The relation $a^n|b^n$ implies that $a|b$, where $a$ and $b$ are positive integers and $n\ge1$. Let $gcd(a, b) = d$
Let $a = rd$ and $b = sd$, where $gcd(r, s) = 1$.
$\therefore gcd(r^n, s^n) = 1$
Now, how do I show that $r = 1$?
 A: You're on the right track:
$b^n = a^n t \implies s^n = r^n t \implies r \mid s^n \implies r = 1$ because $\gcd(r,s)=1$.
Another way
$a^n\mid b^n$ iff $v_p(a^n) \le v_p(b^n)$ for all primes $p$. Here, $v_p(x)$ is the exponent of $p$ in the prime factorization of $x$.
Now, $v_p(a^n) \le v_p(b^n)$ iff $n v_p(a) \le n v_p(b)$ iff $v_p(a) \le  v_p(b)$ iff $a \mid b$.
A: Okay.  It shouldn't be hard to prove $\gcd(m^k, n^k) = [\gcd(m,n)]^k$.
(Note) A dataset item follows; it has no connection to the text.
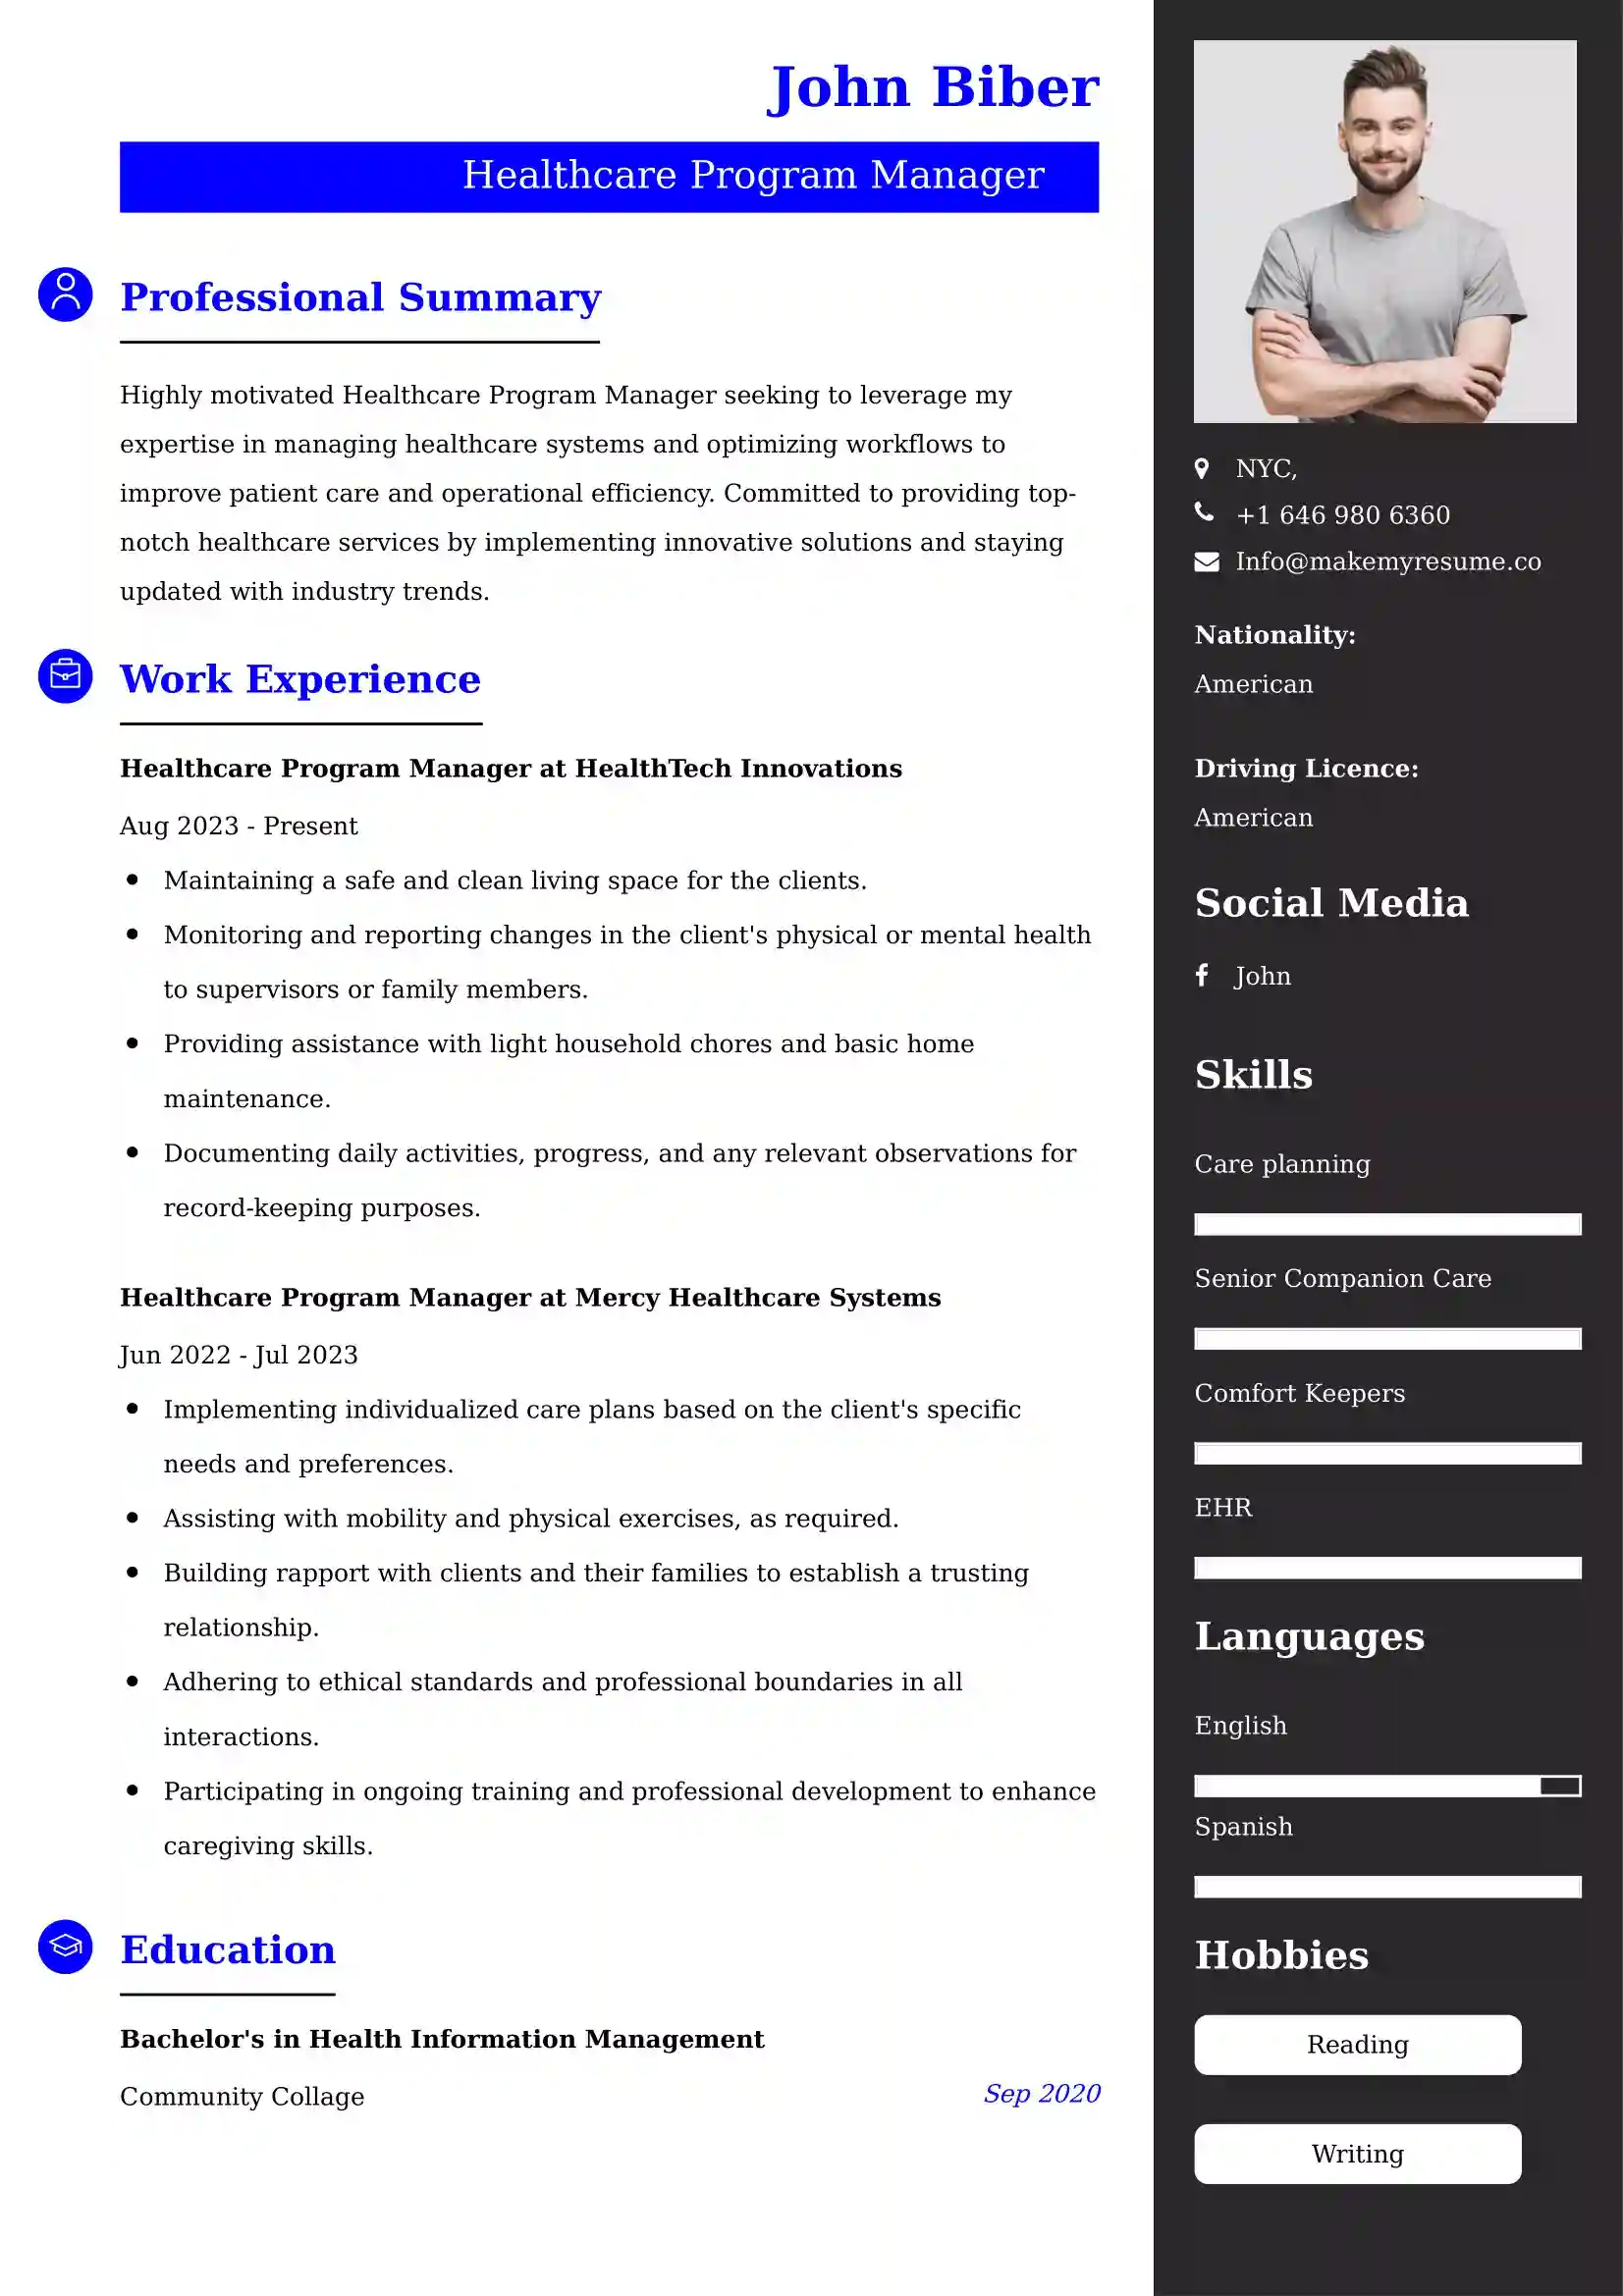 Healthcare Program Manager Resume Examples - Australian Format and Tips

You can do it by considering prime factors, or by considering $$\gcd(m^k,n^k)=\\\gcd(m^{k-1}\frac m{\gcd(m,n)}\gcd(m,n), n^{k-1}\frac n{\gcd(m,n)}\gcd(m,n))=\\\gcd(m,n)\gcd(\frac m{\gcd(m,n)}m^{k-1},\frac m{\gcd(m,n)}n^{k-1})=\\\gcd(m,n)\gcd(m^{k-1},n^{k-1})$$ and using induction.
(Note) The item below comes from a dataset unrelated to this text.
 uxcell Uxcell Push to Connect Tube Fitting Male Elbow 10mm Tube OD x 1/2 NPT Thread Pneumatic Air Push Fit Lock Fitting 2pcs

Or we could do it your way.
If $\gcd(m,n) = d$ and $m=rd;n=sd$ with $\gcd(r,s) =1$. then $\gcd(m^k,n^k)=\gcd(d^kr^k,d^ks^k)=d^k\gcd(r^k,s^k) = d^k*1 = d^k$.
.......
So now bear in mind $g|h \iff \gcd(g,h) = g$.  (That's too obvious to require any discussion isn't it?  If $g$ is a common divisor $g$ and $g$ then $g|h$.  ANd if $g|h$ than $g$ is a common divisor and there can't be any greater divisor of $g$ than $g$ itself... right?)
So we are done.
......
$a^n|b^n\implies a^n = \gcd(a^n,b^n) = d^n\gcd(r^n,s^n) =d^n*1 =d^n\implies a=d=\gcd(a,b) \implies a|b$.
That's it.